BTC, faced with competition from Aliv as well as other legacy problems, performed reasonably, but not well enough to warrant a pep-rally from Mr Nair.

He came to Nassau, presumably to discuss with the PM, picking up the shares of BTC that they don’t already own (if it’s doing so badly, why do they want more?). Then there is the pesky problem of the 2% golden shares that the country owns that puts the power on our side of the table.

Getting more for less is essentially Nair’s job. Standing up for the Bahamian people is essentially the PM’s job.

Divulging tales outside of the schoolhouse was not supposed to be Mr Nair’s job but he obviously got caught up in what the former Chairman of the US Federal Reserve Alan Greenspan used to call “irrational exuberance”. In local parlance: he got swung by his Jamaican audience.

To mock our PM publicly is bad. To not know that somehow in the Caribbean it wouldn’t get back to the PM is just plain out dumb.

Mr Nair is a wealthy man. He earned over $13 million in cash and stocks last year. As the Liberty stock goes up, so does his wealth. According to stock filings, he reportedly trades 10,000 units of stock over 10 days, valued on the week of his transgression at $170,000.

Nair was tone deaf to the rivalry and derision that characterises the Bahamas-Jamaica special relationship. While to him that was the right audience in front of which to belittle the Bahamian PM, it was salt in the wound to Bahamians.

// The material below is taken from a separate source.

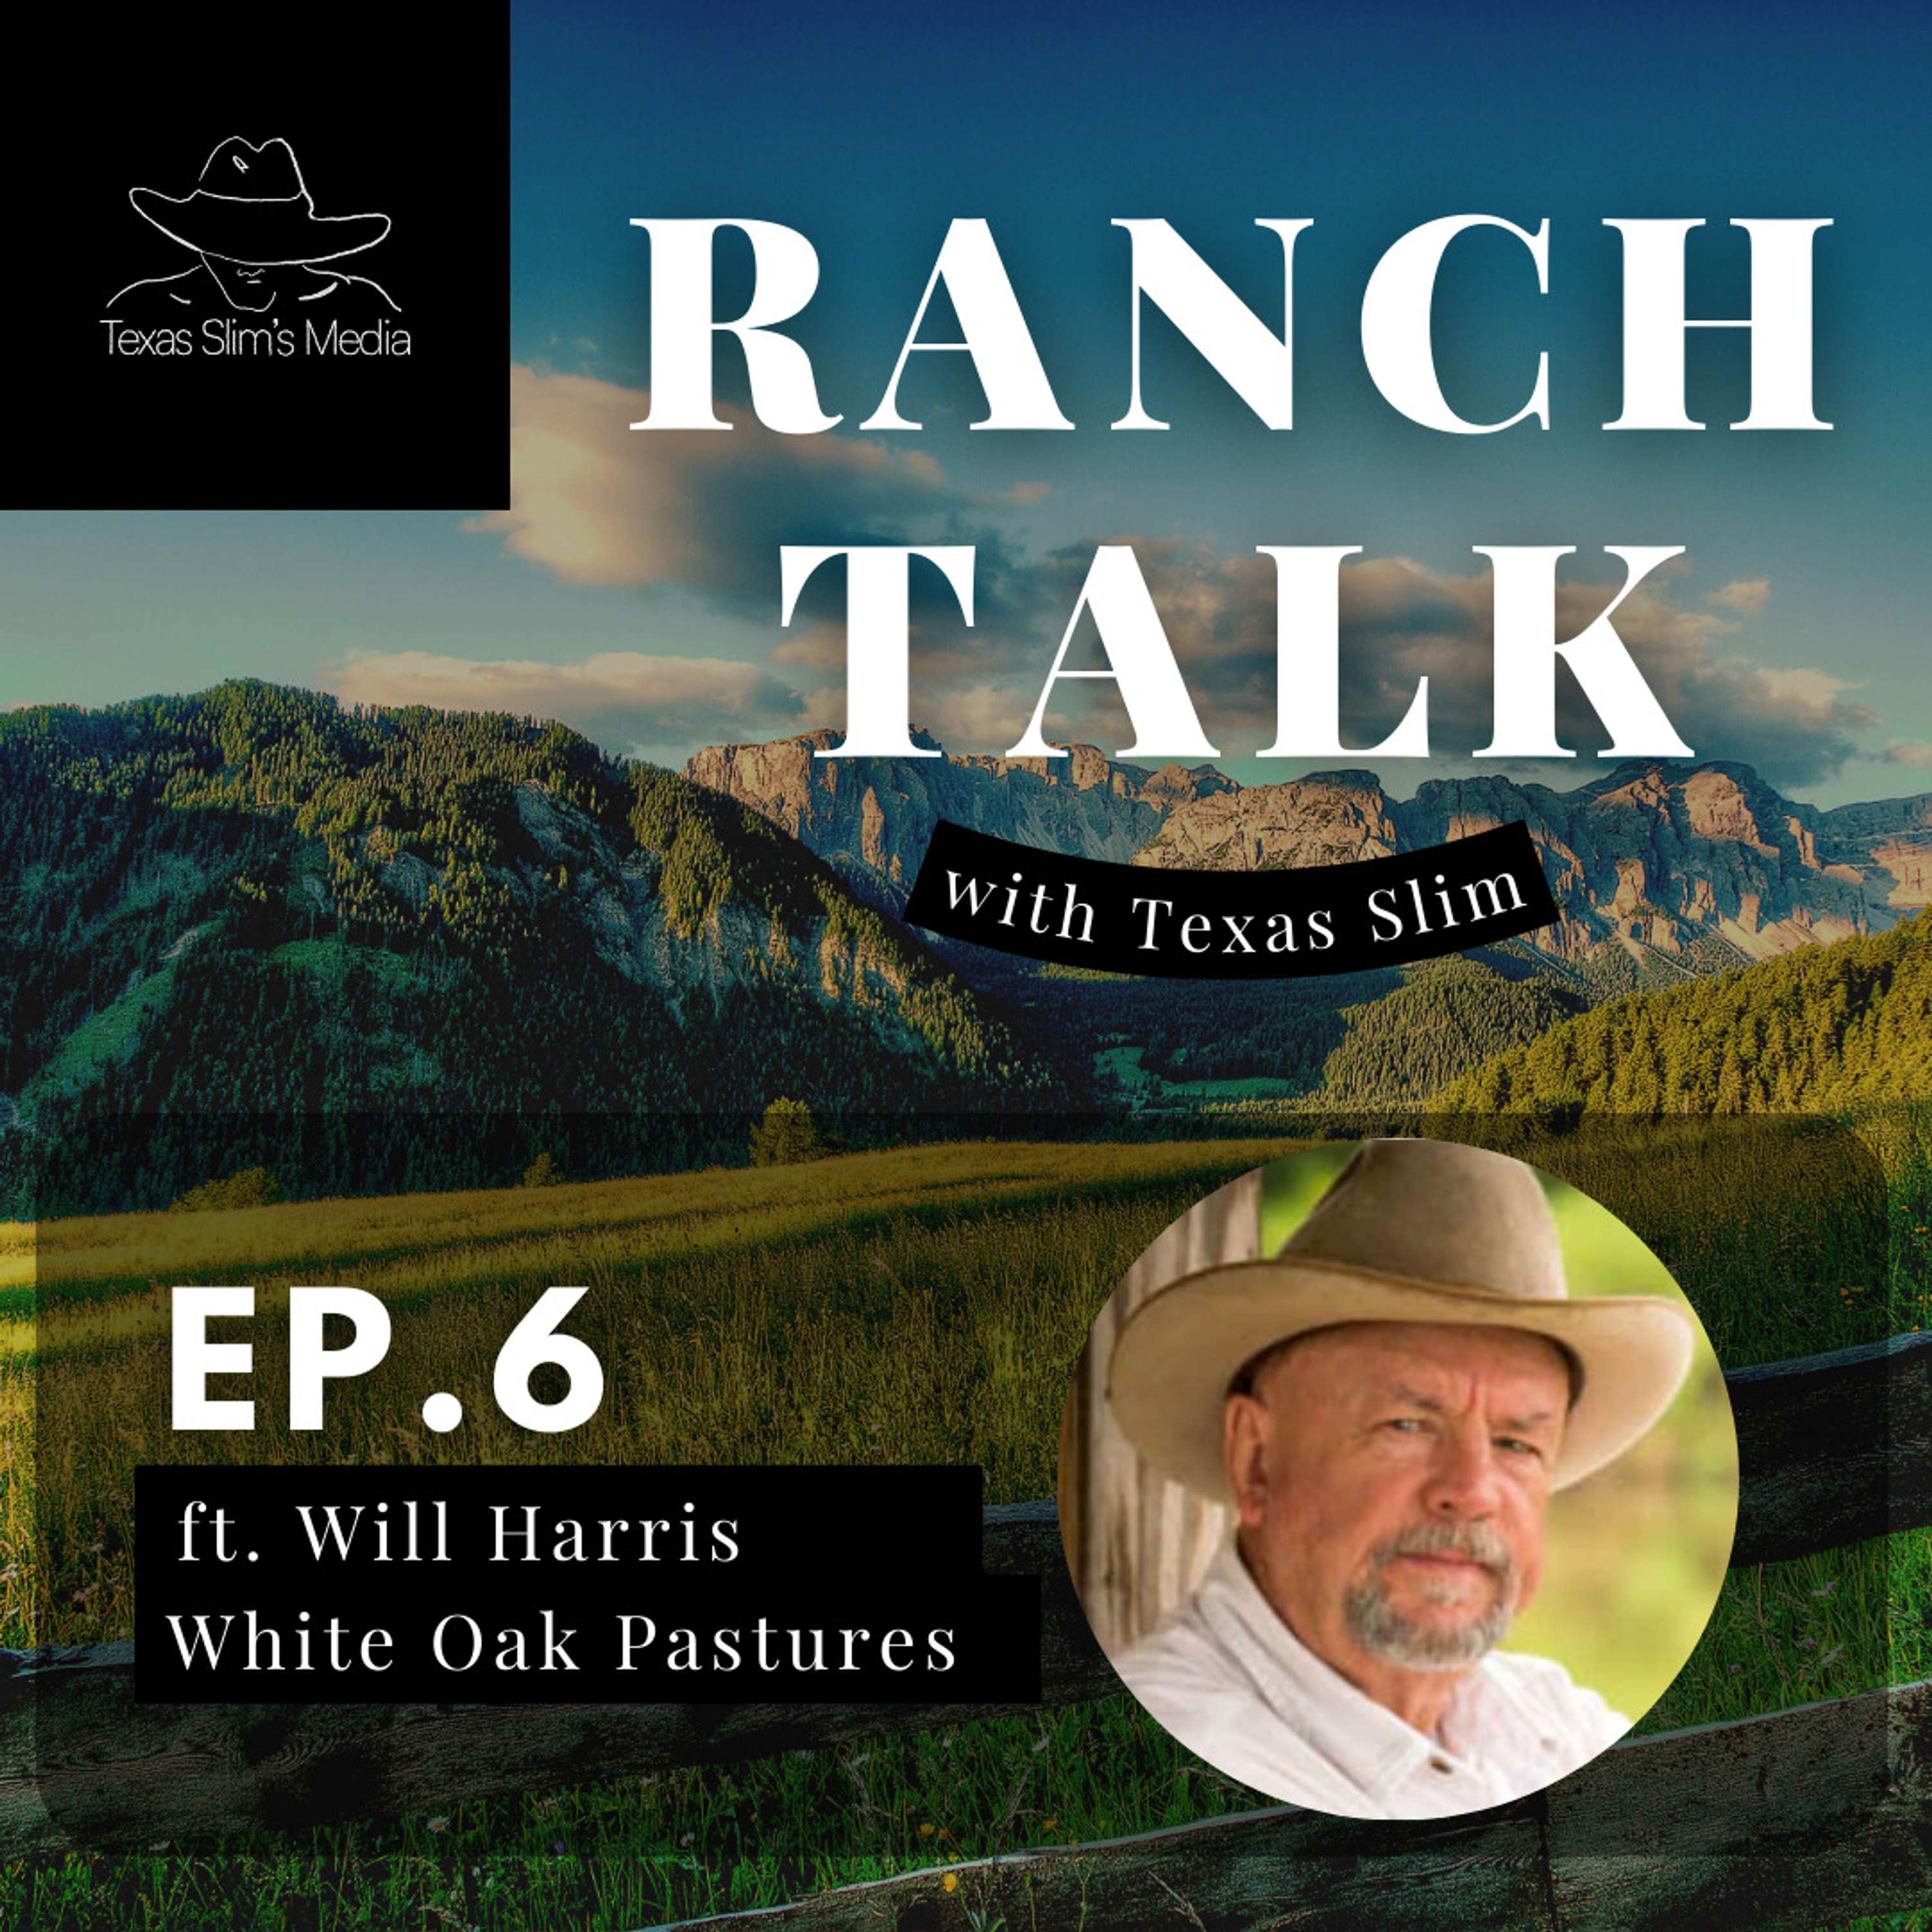 Episode 6 - Ranch Talk featuring Mr Will Harris

For starters, while ethnically and culturally similar, economically we are chalk and cheese. His audience gets paid an average of $15,000 a year. A similar crowd at BTC would cost him over twice that amount. Jamaica has 3.5 million subscribers, we have about 450,000 (land and cellular).

Jamaicans don’t pay to receive calls, we do. It is cheaper to call the Bahamas from abroad than it is to call Jamaica despite their scale advantage. Somebody has to pay for Jamaicans to receive free calls.

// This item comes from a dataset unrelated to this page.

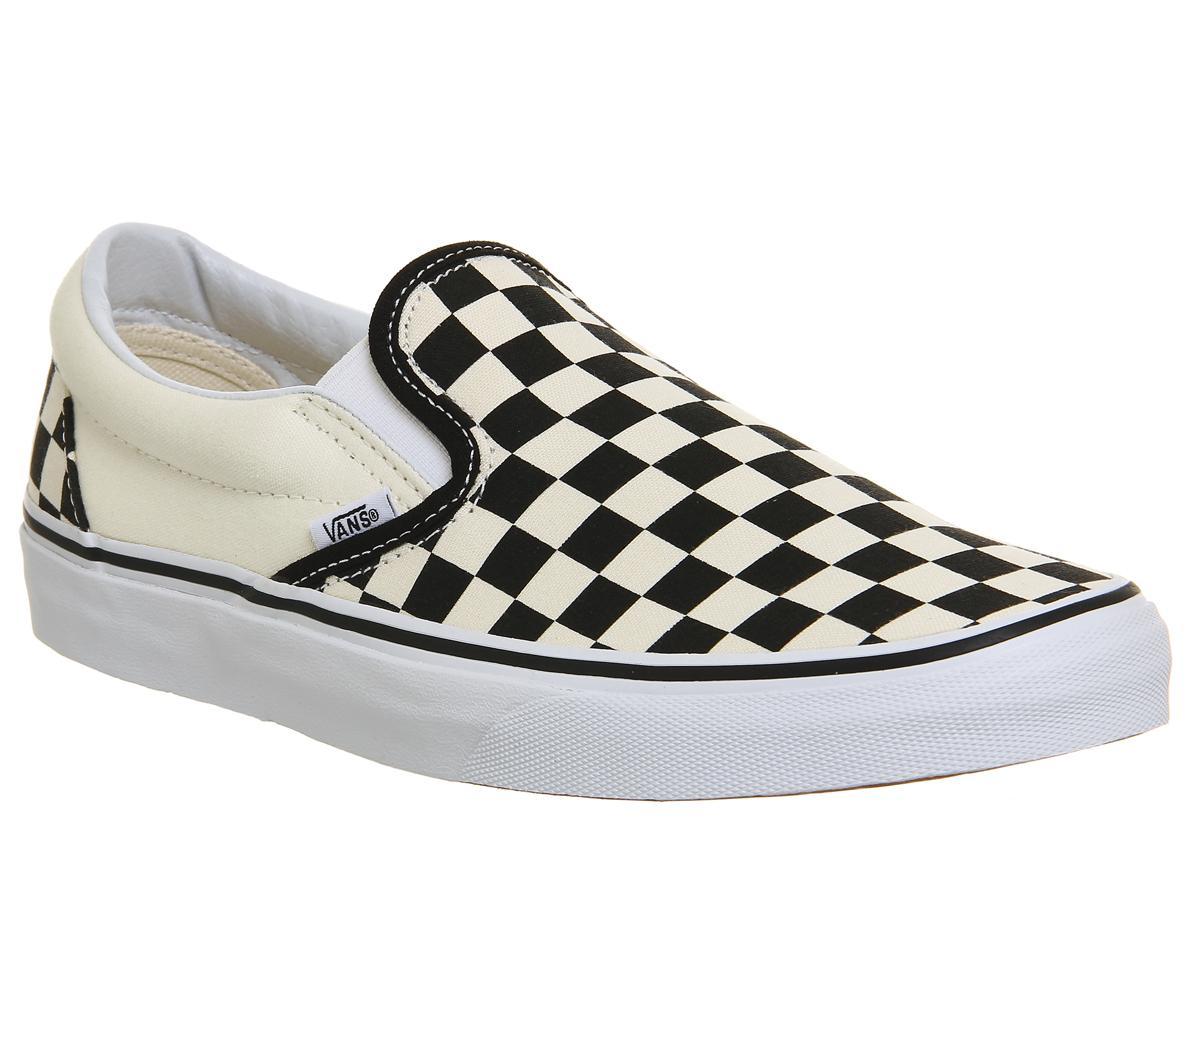 Vans Classic Slip On Flash Trainers Black White Checkerboard - Women's ...

Mr Nair was insensitive to the challenges faced by BTC, not just from Aliv. He should concentrate on fixing those before berating the Prime Minister for enforcing our Bahamianisation policy.

We got an apology of sorts from Mr Nair. Perhaps he was sorrier that he got caught than he was for putting his foot in his mouth.

In any event, the mea culpa from him will never satisfy all Bahamians. Mr Nair has a bigger boss, a reclusive American billionaire named John Malone. He is worth about $7 billion. He is a stealth operator who former US vice president Al Gore once dubbed “Darth Vader”.

He needs to come down, look Dr Minnis squarely in the eye and apologise for Balan Nair’s vacuous words.

Besides, by insisting that BTC keeps its call centre here, the PM might have inadvertently done us all a favour. Imagine having to deal with a Guyanese call centre to explain how your call dropped on a mail boat ride to a Family Island just as you were about to find out what number to call.

THE GRADUATE

Nassau

July 21, 2019

Comments

birdiestrachan 5 years, 5 months ago

The FNM Papa who said Bahamians need not apply to buy BTC should really hang his head in shame. I doubt he has any shame,

who knows the graduate may very well be pseudonym The papa

sheeprunner12 5 years, 4 months ago

LOL .............. yes Birdie. Papa put us all in this stew.